It was the first time, for example, that Michelle Obama, the wife of Democratic nominee Sen. Barack Obama of Illinois, spoke to the nation. In her address on Monday night, Aug. 25, she displayed the poise, commitment and brilliance that had been only hinted at in press articles over the past year. Her support for family, children and wholesome values was on display, reflecting the values she has long contributed and will continue to contribute — as a parent, lawyer, activist and essential part of the Obama campaign.
The convention also had other great highlights, including a strong, supportive speech from New York Sen. Hillary Clinton, who had battled Obama throughout the Democratic primaries. In no uncertain terms, Clinton made clear her support for the Democratic Party and for her former rival.
Perhaps the most important theme of the convention was the all-encompassing, persuasive and unequivocal support for Obama in the Democratic Party exemplified by former President Bill Clinton’s address.
He delivered the strongest endorsement of the Illinois senator to date, indication not only that he was ready to lead, but also that he had the vision, skills and judgment to be the next chief executive of the United States of America. It was quintessential Bill Clinton: The address not only captured the imagination of the Democrats in Denver, but also was a speech clearly designed to win skeptical voters during the last two months leading up to the general elections.
The highlight of the week in Denver, of course, was Sen. Barack Obama’s Thursday night address at Invesco Field at Mile High. More than 80,000 Democrats — and some Republicans and Independents, as well — crammed into the stadium.
Like the classic speech he delivered as keynote speaker at the 2004 Democratic National Convention in Boston, this speech, too, was an address for the times. It was specific and comprehensive, a clear display of the distinction between the two parties. It offered a vision of hope, cohesion and inclusion, one that stood in sharp contrast to the negative, closed, exclusionary rendition of America offered at the following week’s Republican National Convention in the platform of the Republican ticket of Arizona Sen. John McCain and Alaska Gov. Sarah Palin.
One of the most interesting contrasts of the DNC and the RNC was the racial and ethnic diversity, or the lack thereof. While the DNC had the largest representation of both people of color and of women, the RNC was marked by the near absence of significant numbers of African Americans or ethnic minorities of any kind. In sheer numbers, nearly one-quarter — about 1,000 of 4,400 — of Democratic delegates were African American. On the Republican side? A mere 36 of 3,000.
At the RNC, McCain fired up his right-wing base, inspired by the surprising and dramatic choice of Palin — a pro-life, pro-gun, first-term governor from Alaska — as his running mate. The press widely criticized the decision.
Whether viewers agreed or disagreed with the viewpoints espoused by Palin, after her rousing RNC speech they could not ignore the fact that she was an articulate, forceful and partisan speaker for the Republicans. She had done what McCain had hoped: Palin fired up the wary Republican base on the issues that conservatives and evangelicals hold near and dear.
She was whimsical, confident, humorous and fierce in embracing the values of the Republican Party, and in giving her party a clear distinction between what the GOP slate had to offer compared to the Democratic ticket of Obama and Delaware Sen. Joseph Biden.
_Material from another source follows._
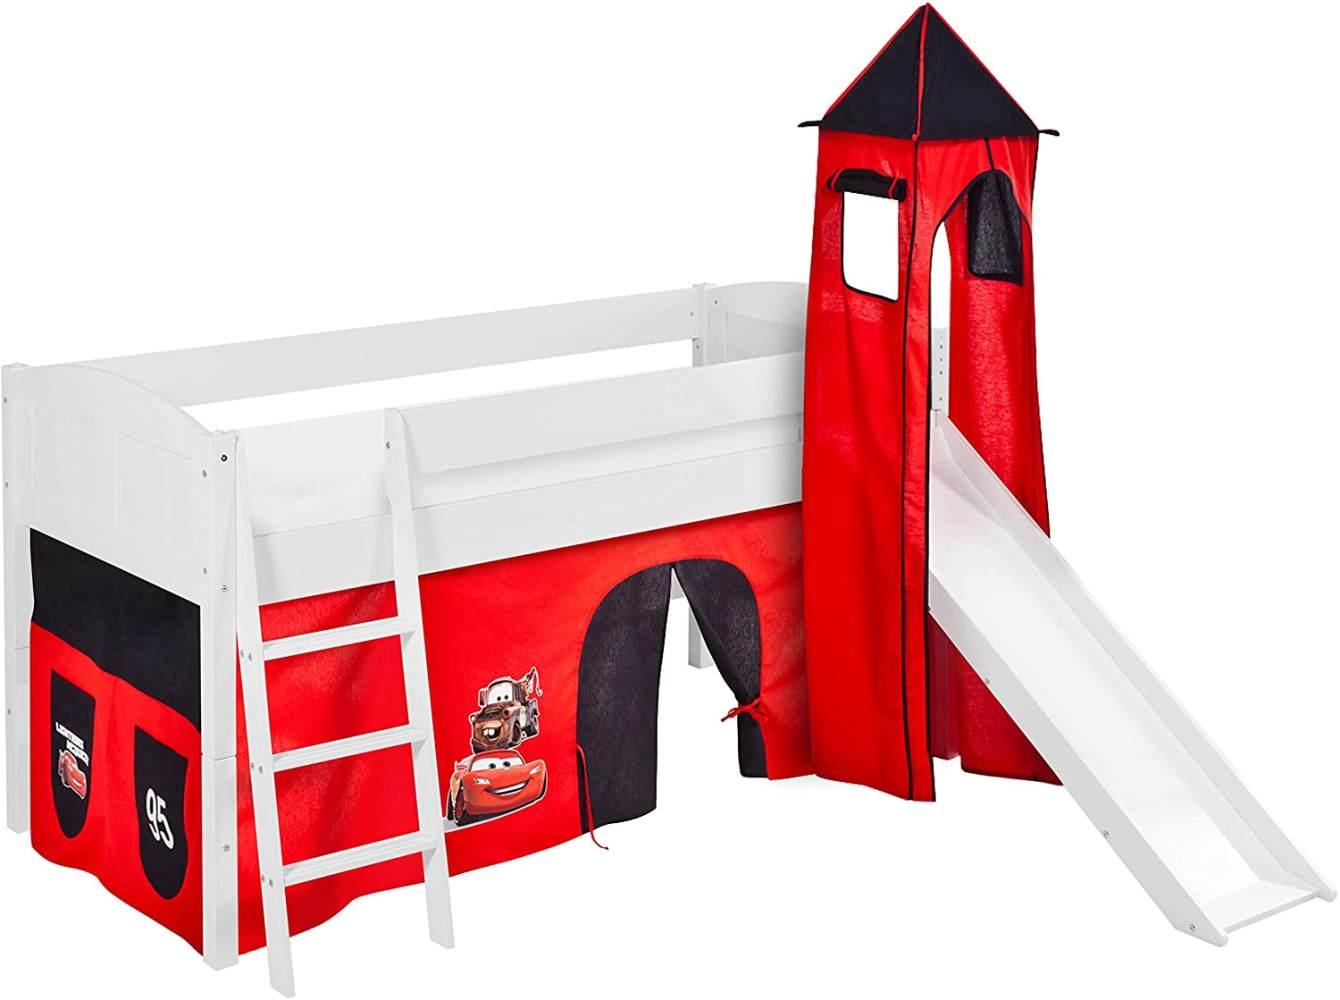 Lilokids 'Ida 4106' Spielbett 90 x 200 cm, Disney Cars, Kiefer massiv, mit Turm, Rutsche und Vorhang Bild 1

What is most evident from both conventions is that the race for the White House is now fully engaged, and the two different visions of America could not be clearer. There is no equivocation about what Democrats and Republicans stand for. America will have to choose between two diametrically opposed visions of what America should look like with an Obama or McCain presidency. The test of time will determine which candidate had the greatest impact on Independents and Reagan Democrats. To what extent will African Americans, one of the groups most carefully observing these elections, affect the result?
My own suspicion is that the contrast between the two parties is so great that it is hard to imagine significant numbers of African Americans embracing the vision that McCain and running mate Palin describe. My guess is that the hopefulness and inclusiveness of the DNC will infuse new energy and spirit into an African American community disappointed that their votes were not counted in 2000, and that their votes did not count in 2004.
Ultimately, the battle for America’s soul has begun. In the coming weeks, every voting American will have to make a choice about which direction to take. Only time will which of the prevailing points of view will inspire folks to vote, and embrace the new direction of America for the 21st century.
Charles J. Ogletree Jr. is the Jesse Climenko Professor of Law, and executive director of the Charles Hamilton Houston Institute for Race and Justice, at Harvard Law School.